Would you reproduce each line below exactly, leaving every picture out?

### Supplied material
○ ○ ○
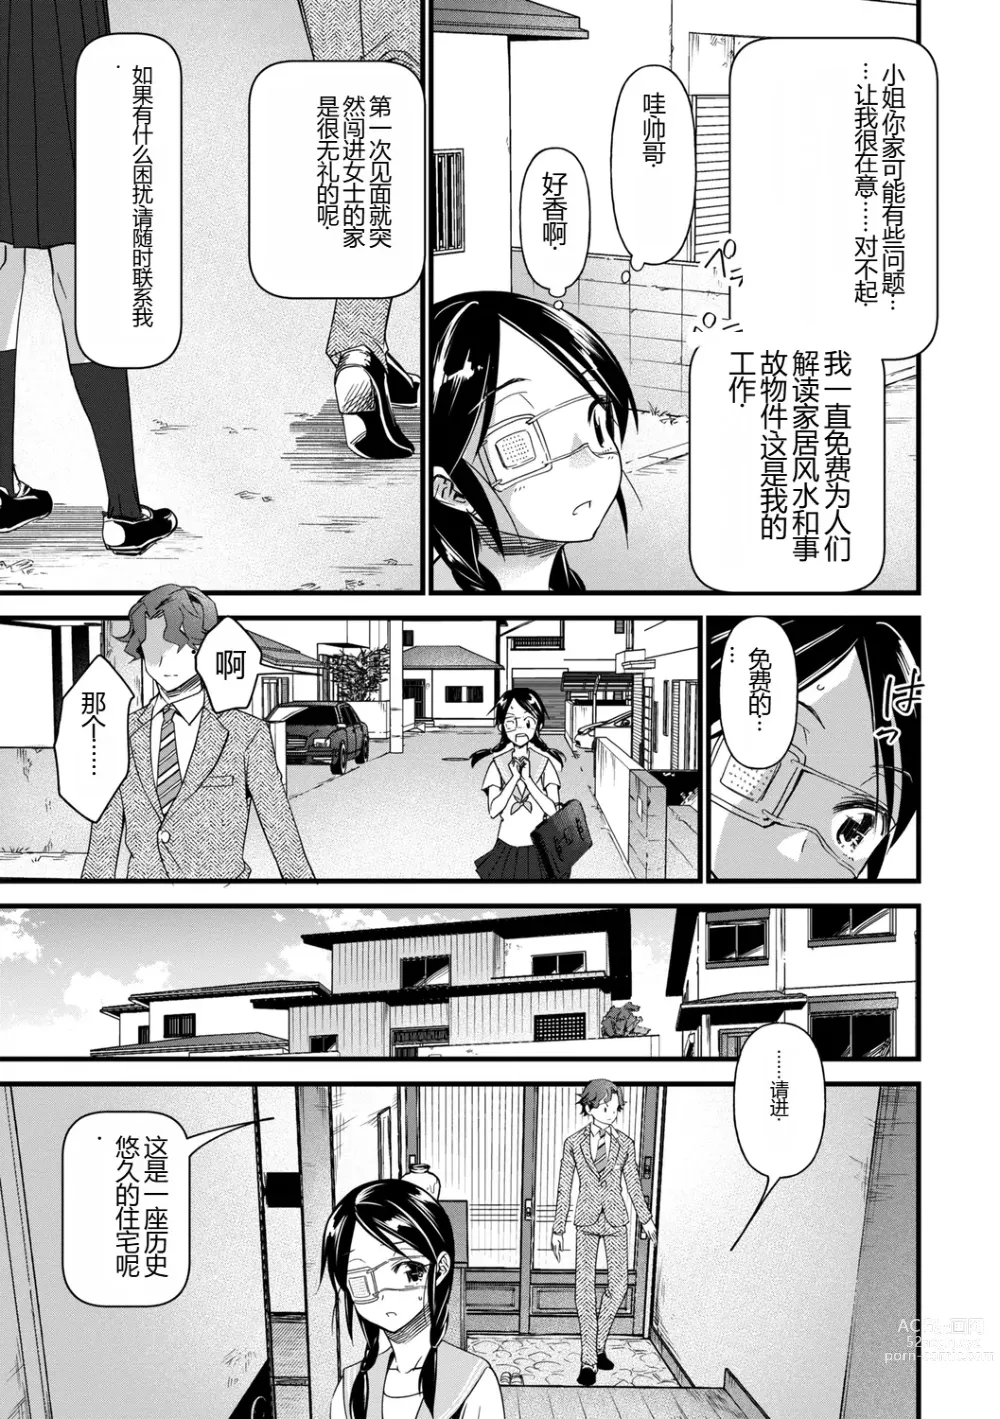 Page 11 of manga Nikugyaku Egoism
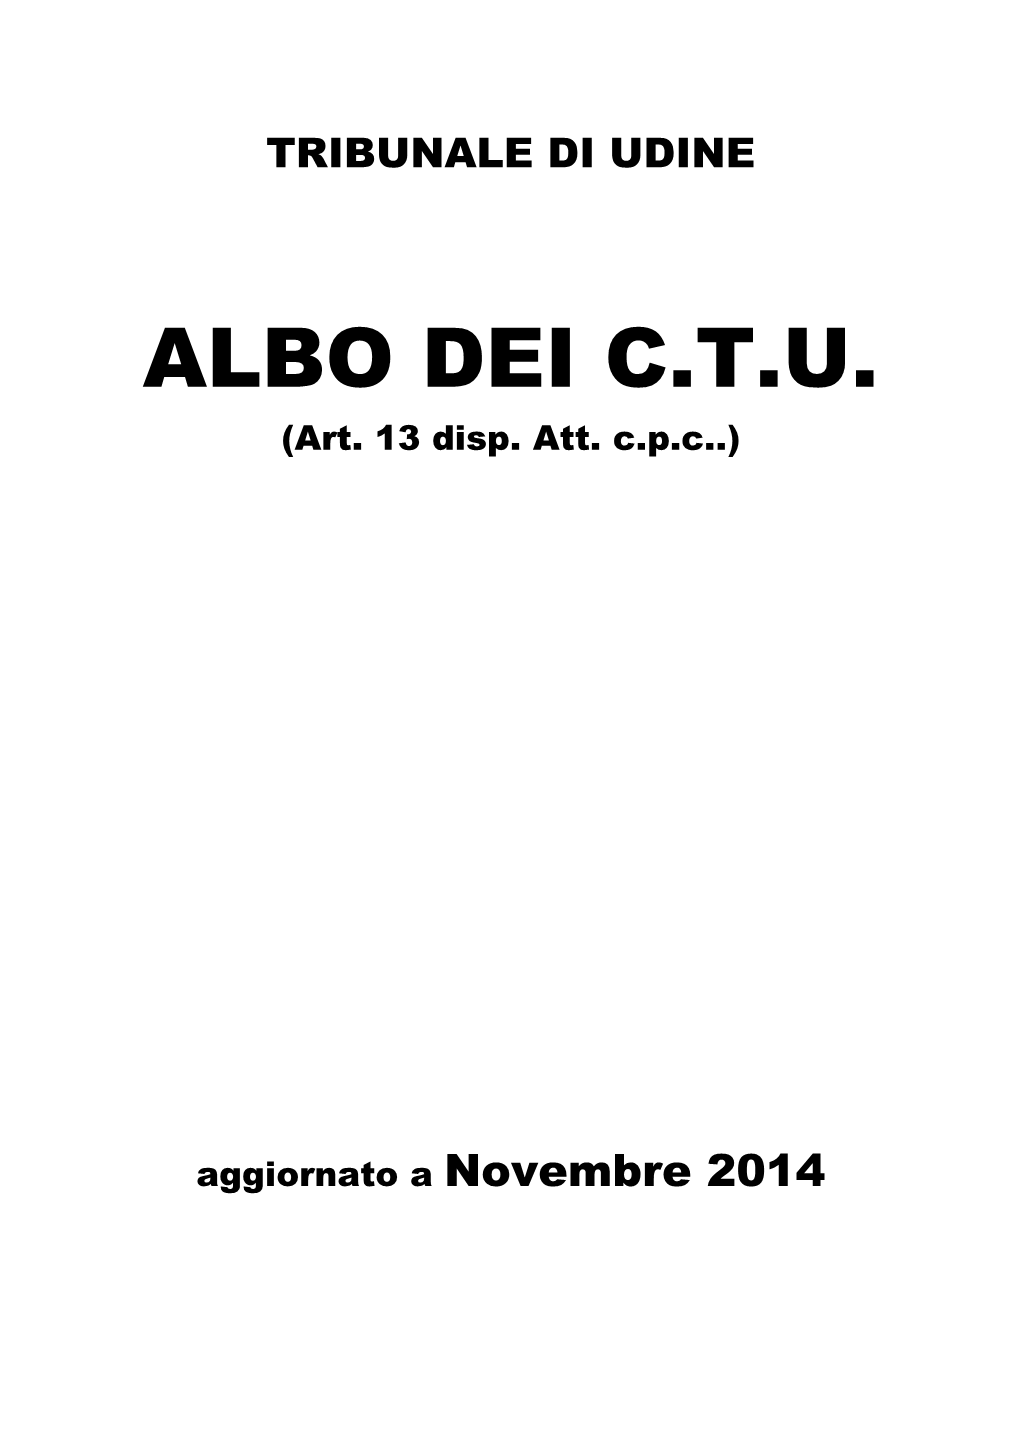 ALBO DEI C.T.U. (Art
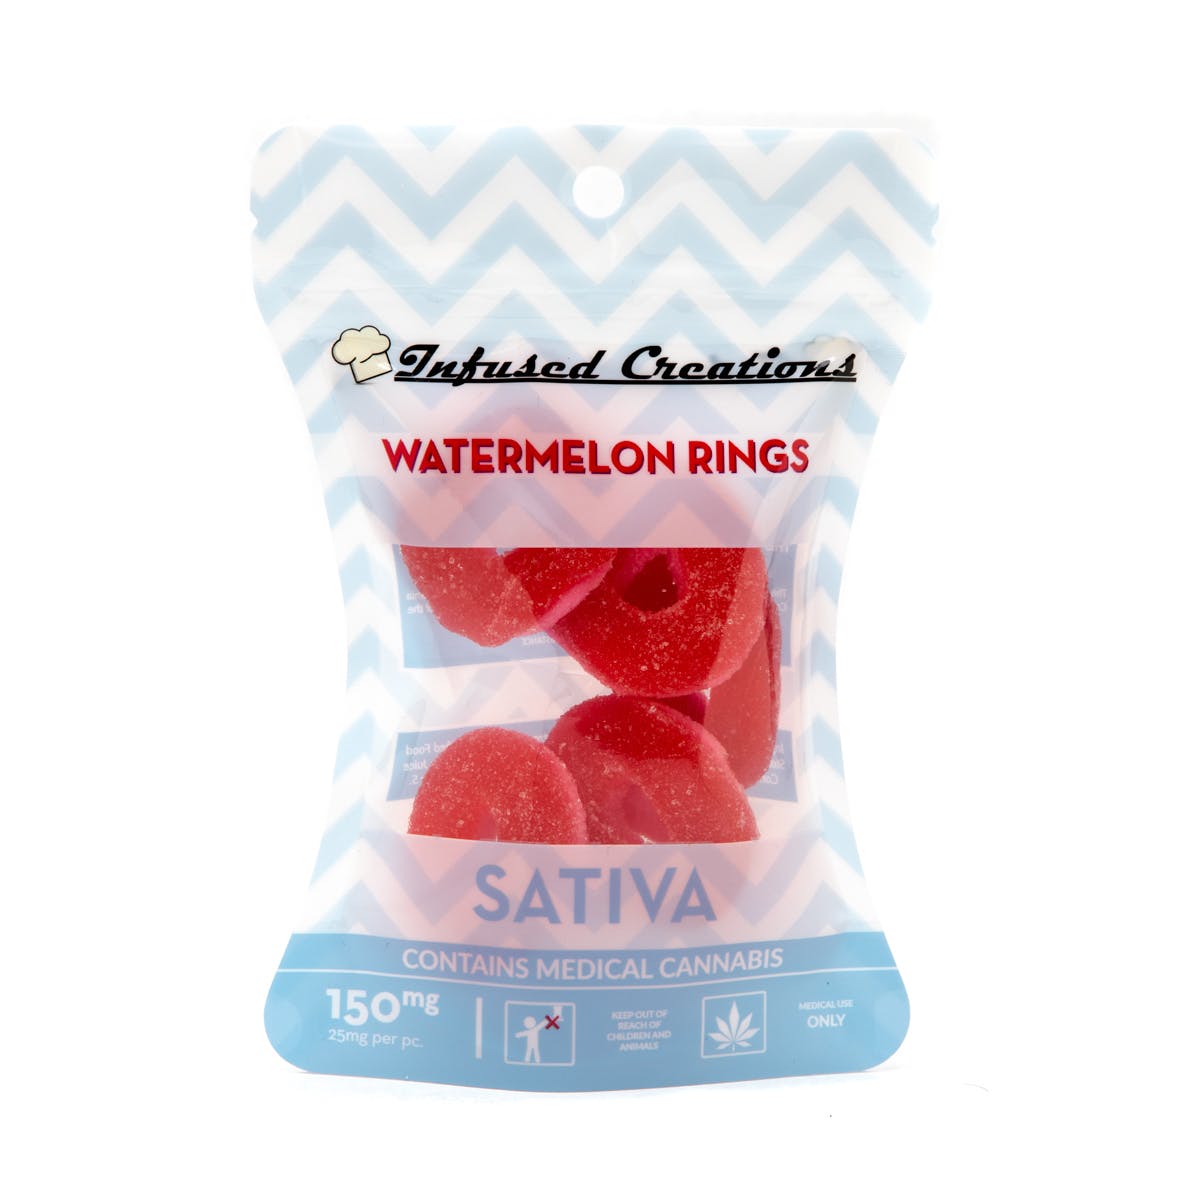 Watermelon Rings Sativa, 150mg
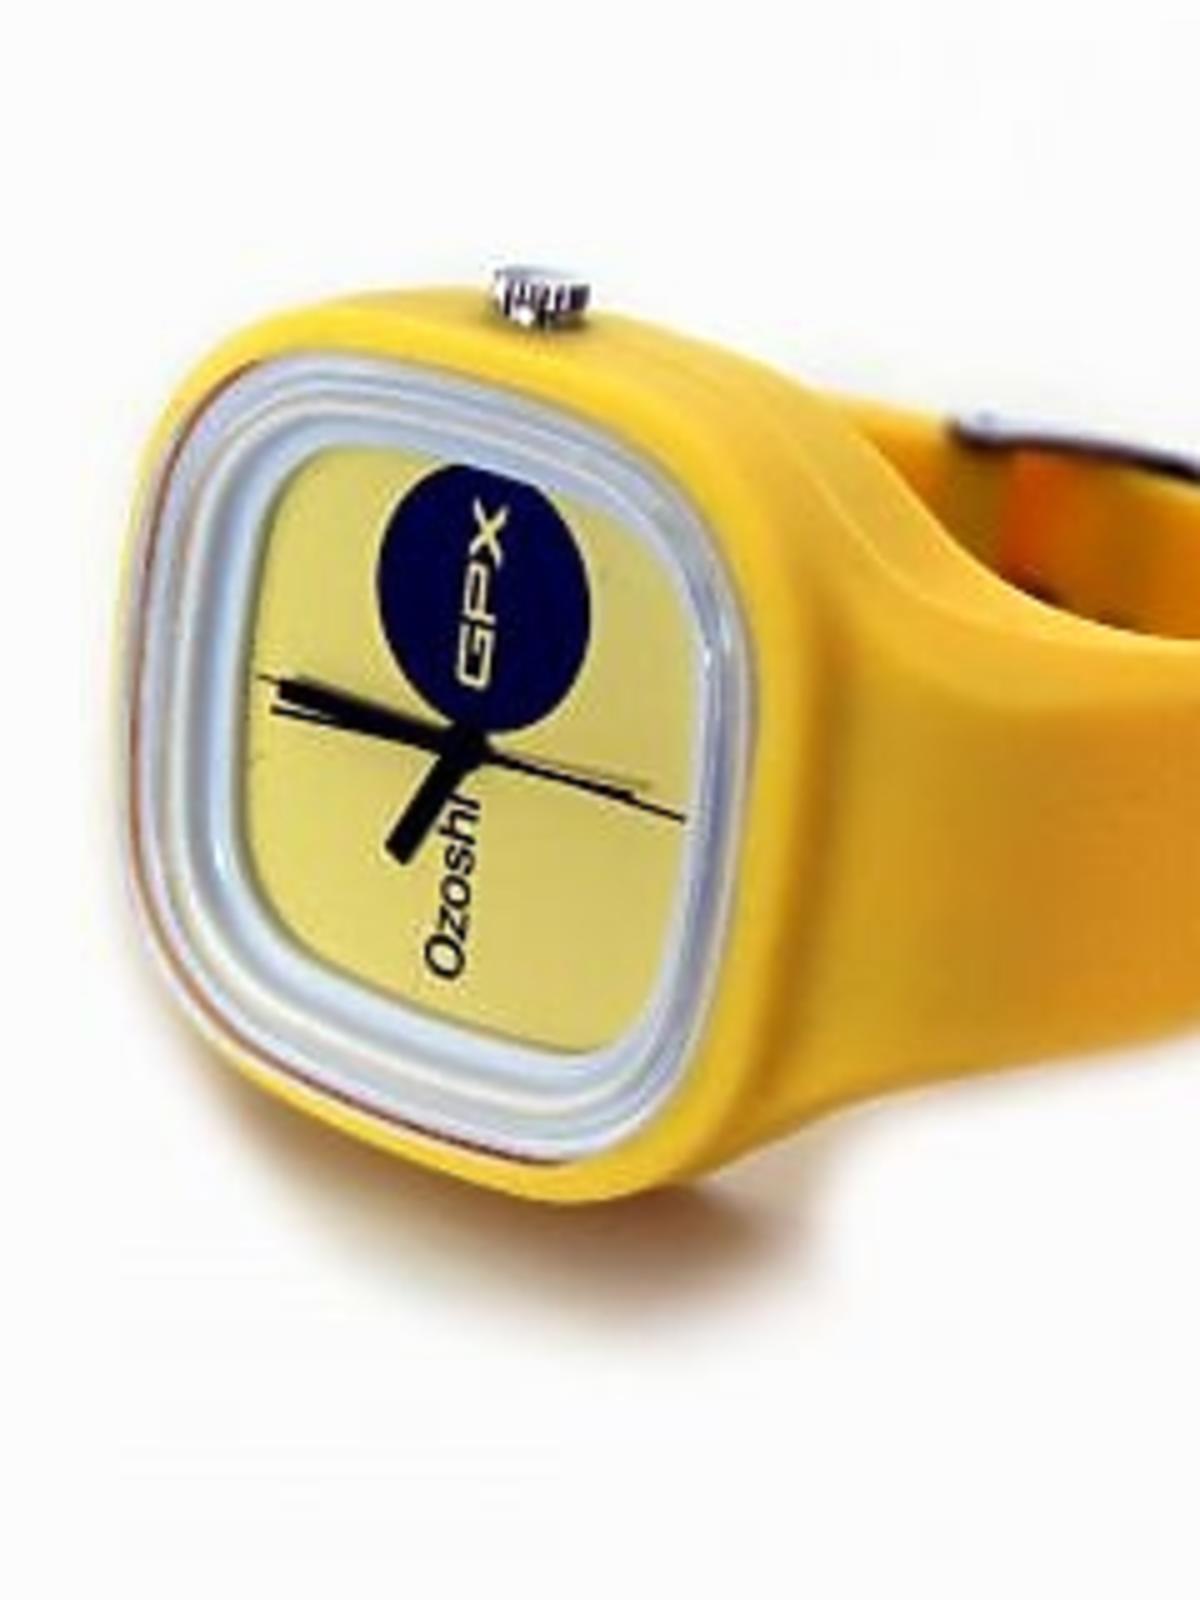 1291-gpx-watch-yellow-medium.jpg
○ ○ ○
### Result of the task
 Page 11 of manga Nikugyaku Egoism
 ALBO DEI C.T.U. (Art
 Watermelon Rings Sativa, 150mg
 1291-gpx-watch-yellow-medium.jpg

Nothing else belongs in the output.